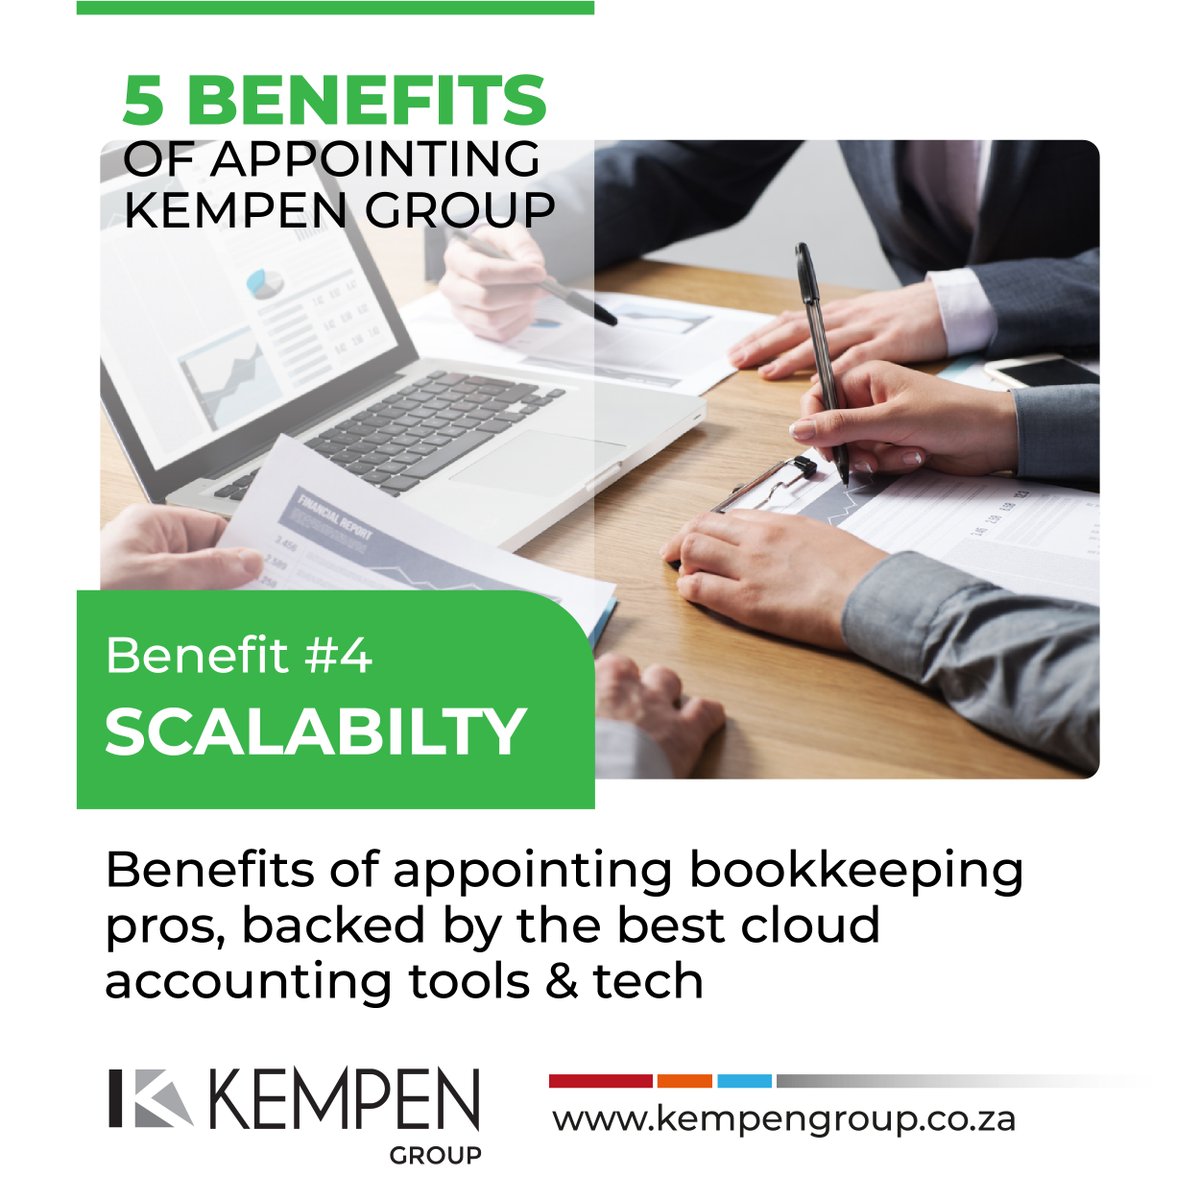 #Cloudaccounting tools are scalable, ensuring they can adapt to the growth of your business. This flexibility enables #KempenGroup to provide the necessary support as your business expands.

Let us know how we can assist:
📱082 940 6700
📧ignus@kempengroup.co.za

#KempenOnline
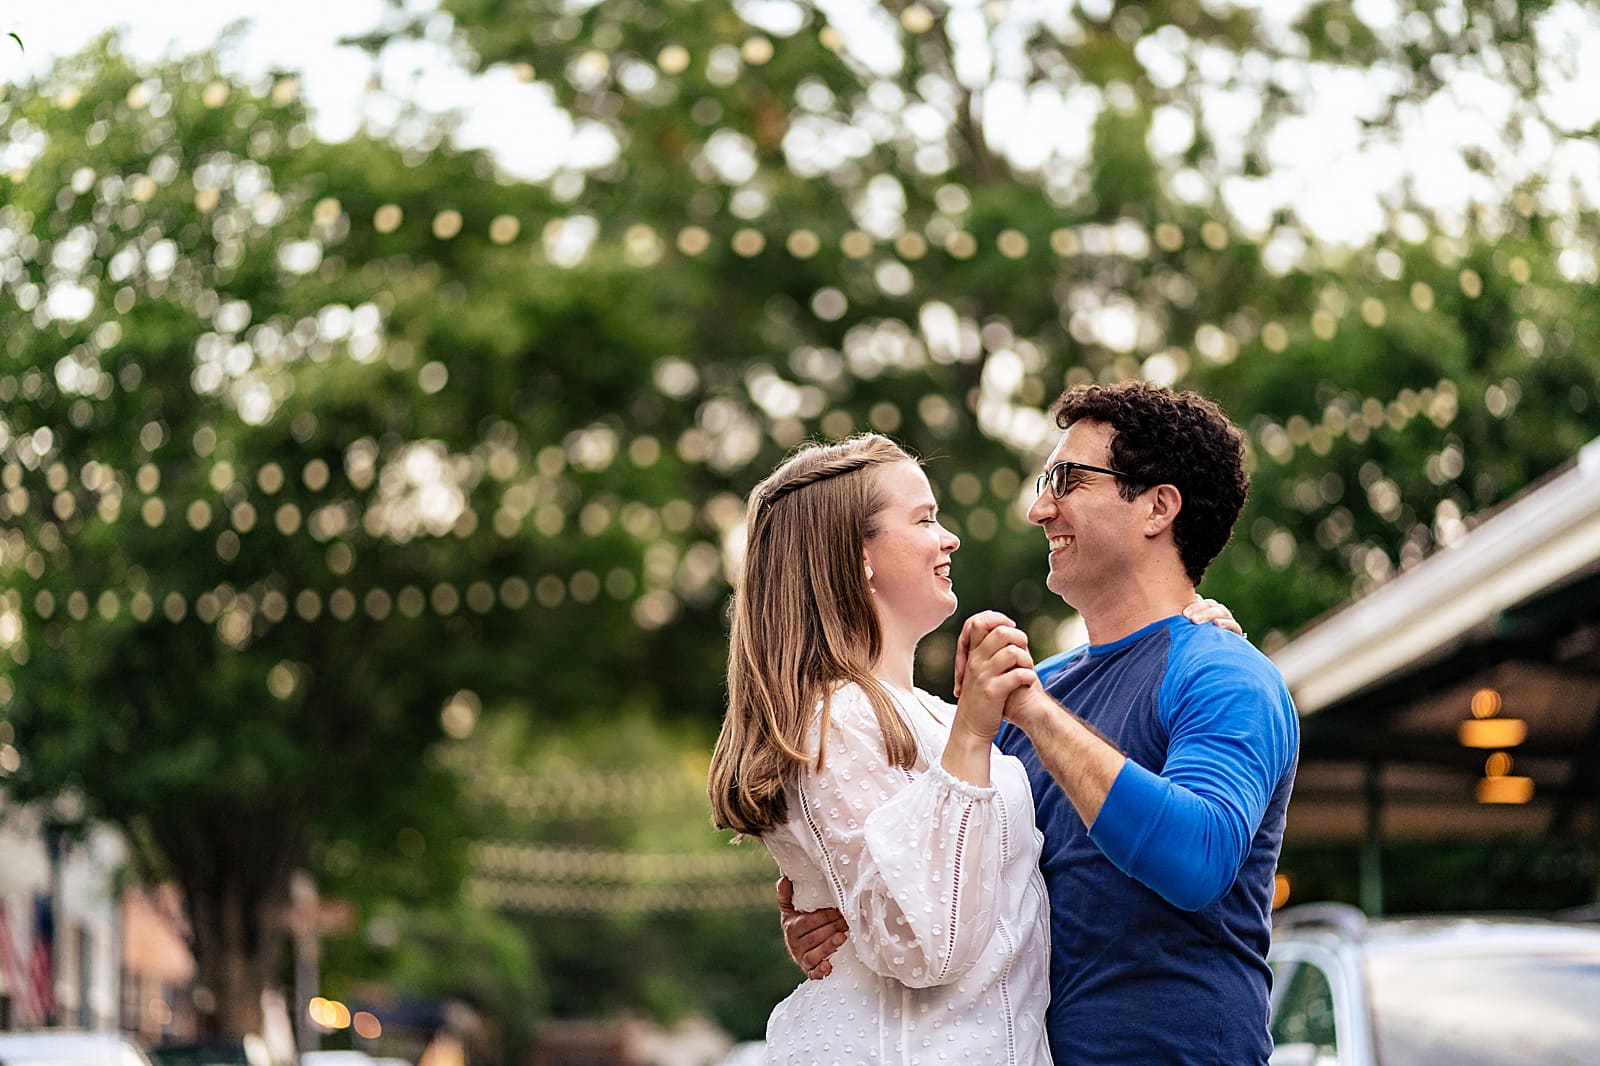 With its cobblestone streets and string lights, City Market in downtown Raleigh makes for a great engagement session location

### Directions for this task
Where a picture appears, skip it; repeat everything else in the data exactly.

### Solved problem
 #Cloudaccounting tools are scalable, ensuring they can adapt to the growth of your business. This flexibility enables #KempenGroup to provide the necessary support as your business expands.

Let us know how we can assist:
📱082 940 6700
📧ignus@kempengroup.co.za

#KempenOnline
 With its cobblestone streets and string lights, City Market in downtown Raleigh makes for a great engagement session location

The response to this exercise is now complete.